Eves, of Southport Island, saw his boat travel about 300 feet, with its mooring block in tow, onto the Hendricks Head Beach on Southport. It came to rest as the tide ebbed, about eight feet from the sea wall. He was up again at 7 a.m. to assess the possible damage.
“I immediately began to formulate a plan on how to get the boat back into the water when I saw that it appeared to have sustained no damage,” Eves said.
Eves, who owns two moorings off the beach, said he tied a rope to the beached boat and connected it to the second mooring.
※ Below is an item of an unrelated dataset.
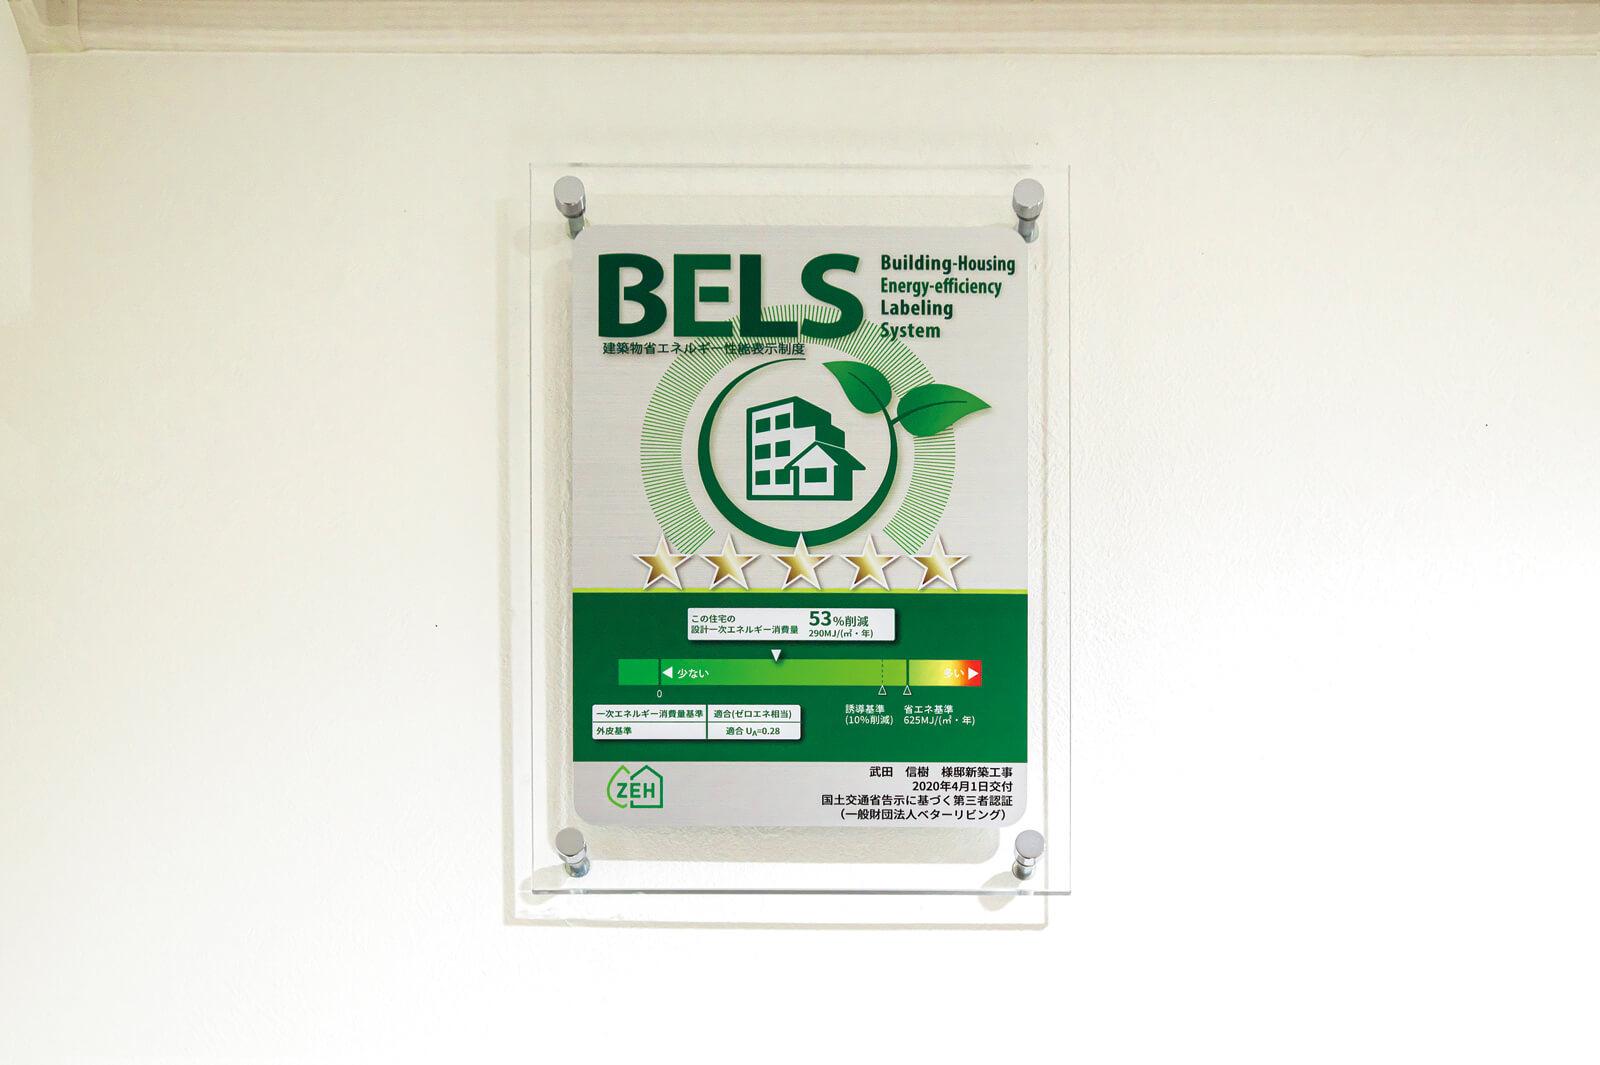 住宅の省エネ性能を5段階で評価するBELSで、最高ランクの5つ星を獲得した証

He expected that once the tide was high again, the boat would float again and he could get it off the beach and into deeper water.
The incoming tide started rocking the boat nearly an hour and a half before high tide.
“A couple of guys – I didn't get their names – helped me by knowing that we’d need to keep the incoming tide from ‘walking’ the boat further up the beach, and then by leaning against the boat as the tide lifted it off the sand.
“The plan worked and I can't thank them enough,” Eves said.
“I also called (Southport Fire Chief and Selectman) Gerry Gamage to get his assessment of what I should do. He was a big help and even took my beached mooring block back to its previous position. Great thanks to him for support that went way beyond anything I could have expected,” Eves said.
Eves sailed his boat around Sheepscot Bay the next day, “thankfully without any excitement.”